Source material Start Marker
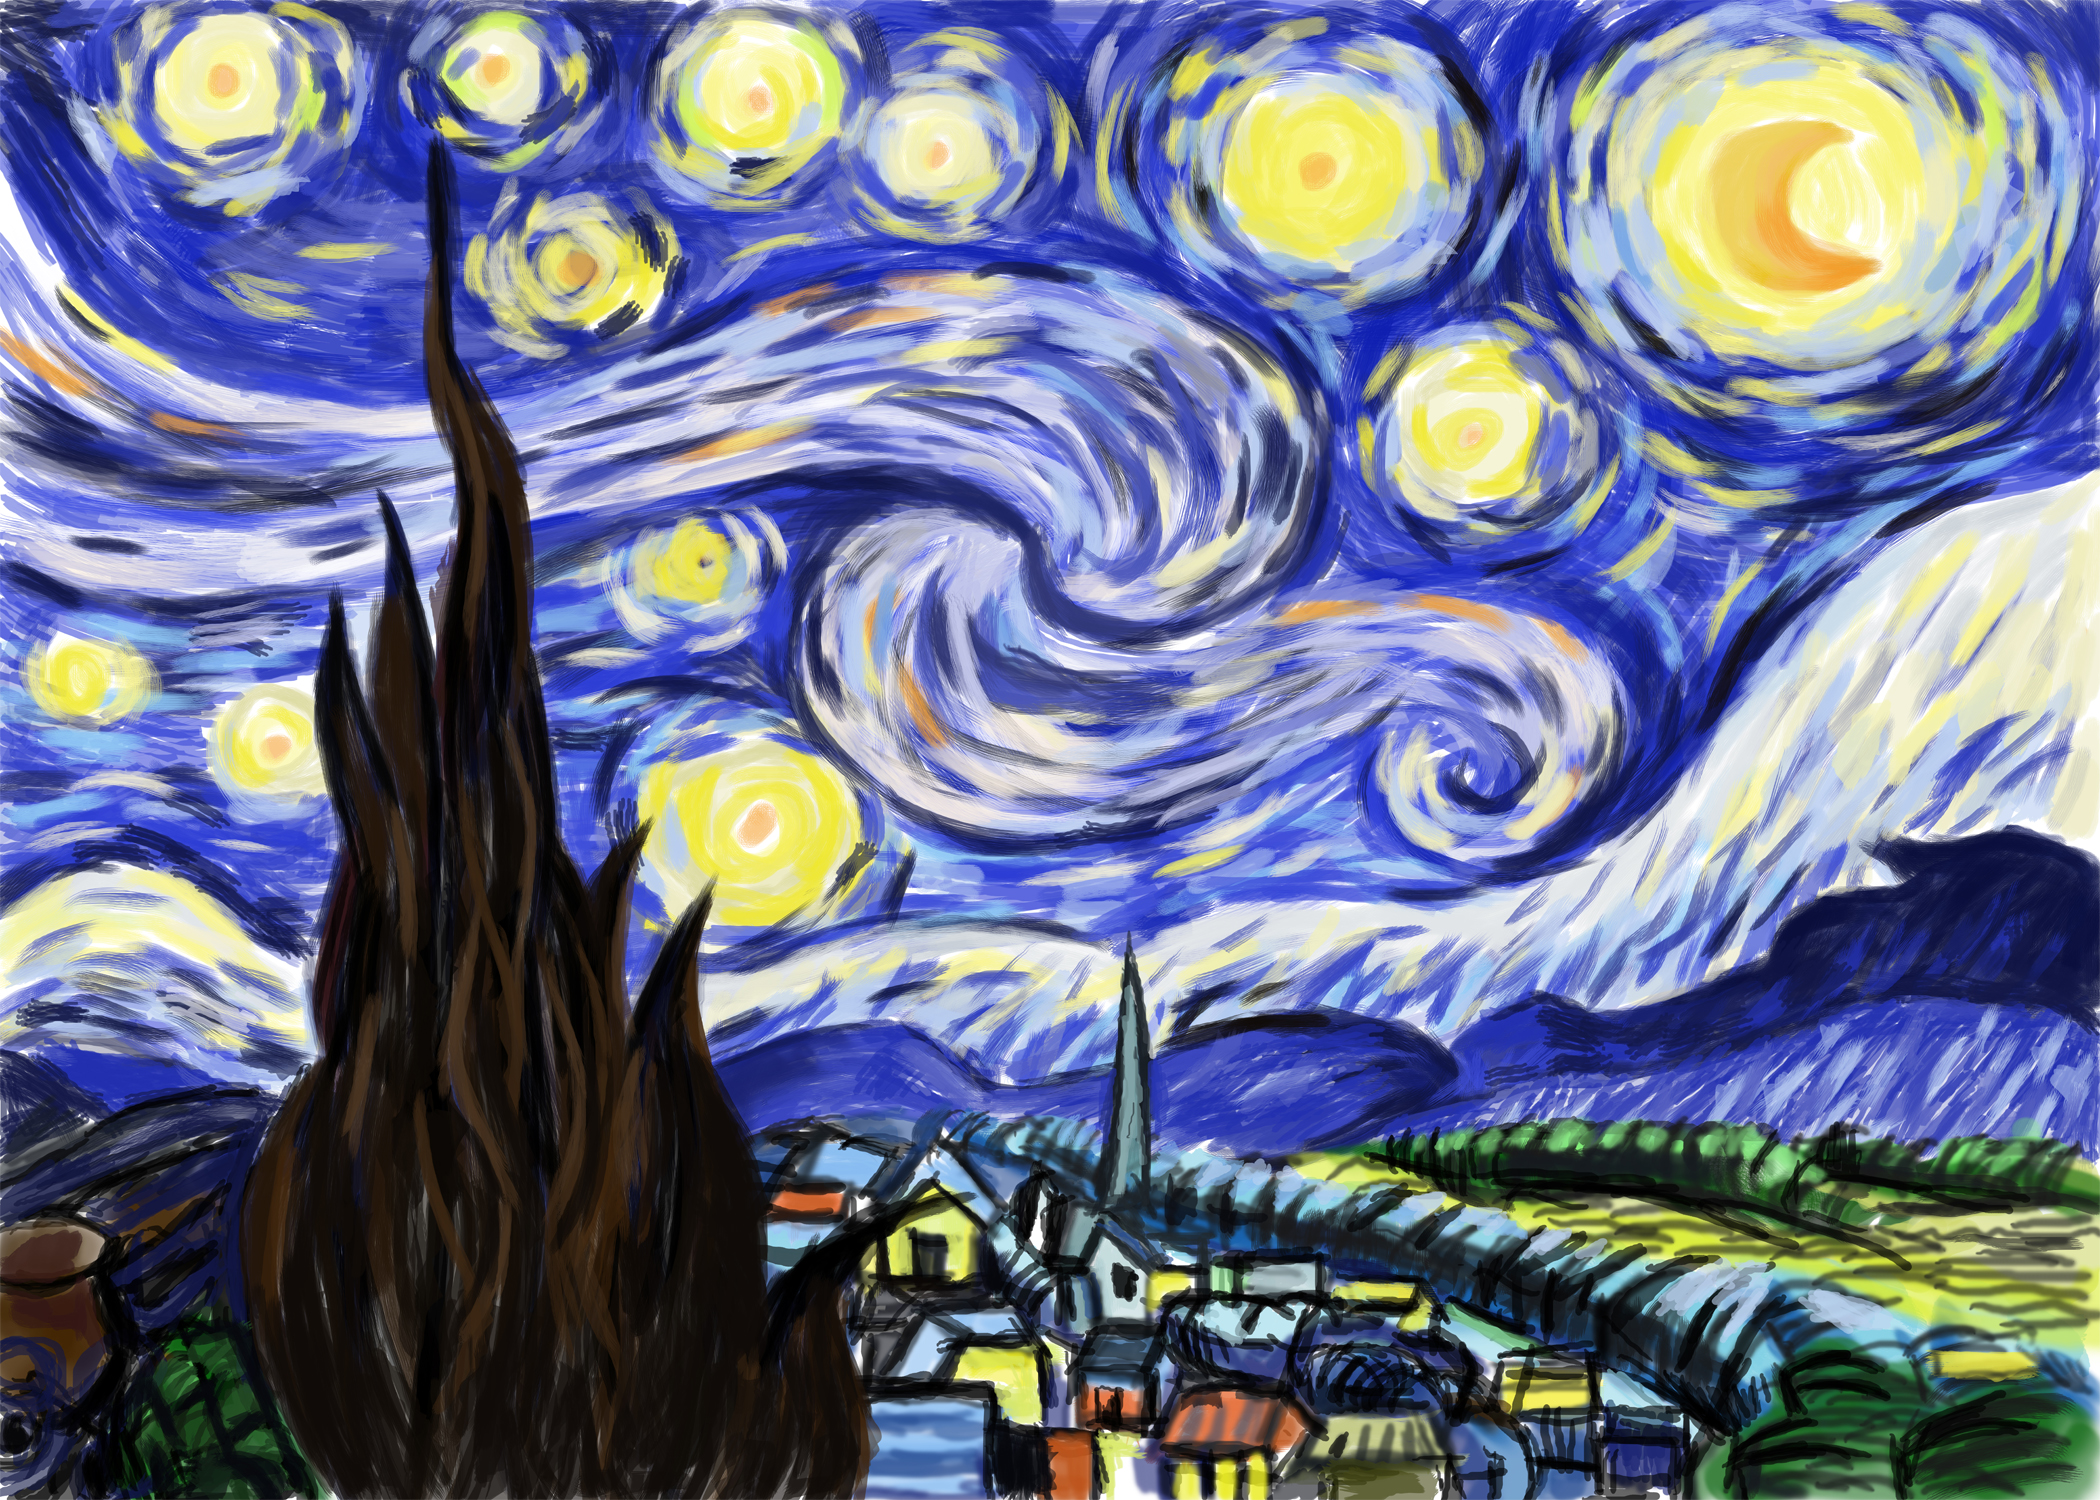 梵高星月夜原图 壁纸图片
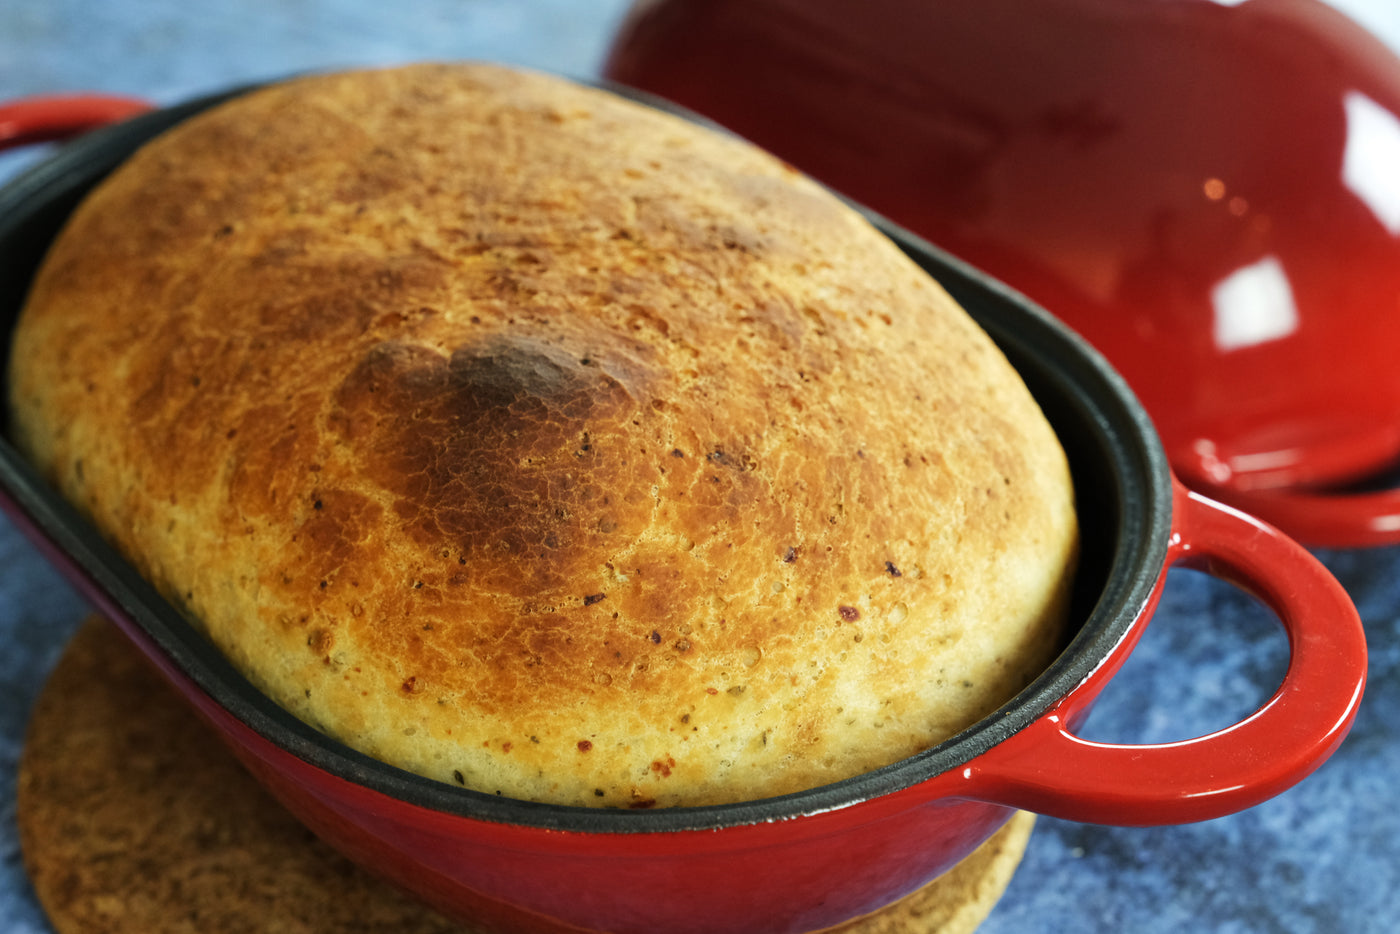 Emaye Dökme Demir Kapaklı Ekmek Tavası, Kırmızı, Fırında Pişirmeye Uygun Form, Artisan Ekmek Seti - Somun Tavası
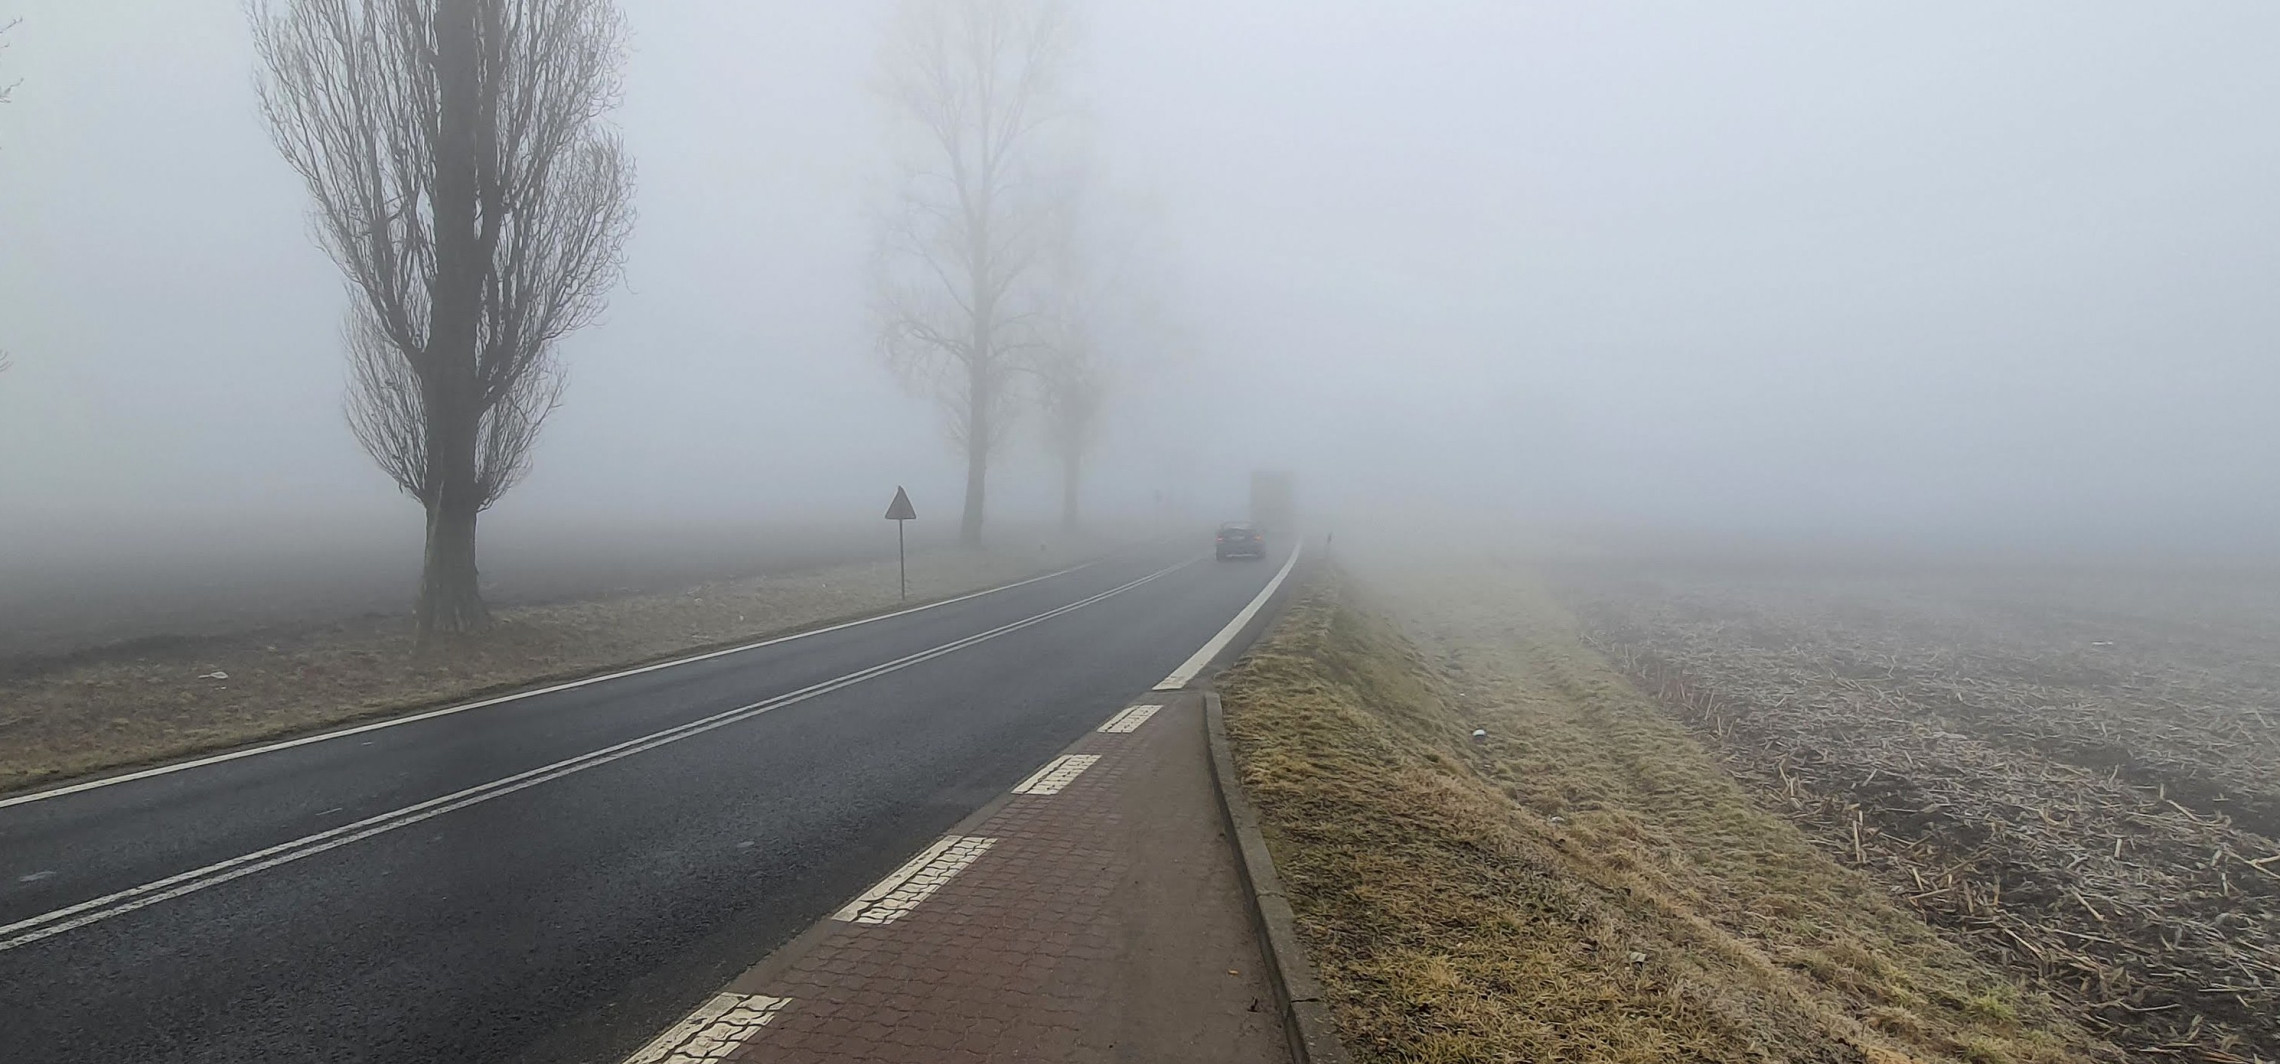 Inowrocław - Jest gęsta mgła. Włącz światła!
Source material End Marker
_Task requirements_: Starting at the line with "Emaye Dökme Demir", transcribe the listing above exactly through its last line. No picture belongs in the transcription.

_Completed exercise_:
 Emaye Dökme Demir Kapaklı Ekmek Tavası, Kırmızı, Fırında Pişirmeye Uygun Form, Artisan Ekmek Seti - Somun Tavası
 Inowrocław - Jest gęsta mgła. Włącz światła!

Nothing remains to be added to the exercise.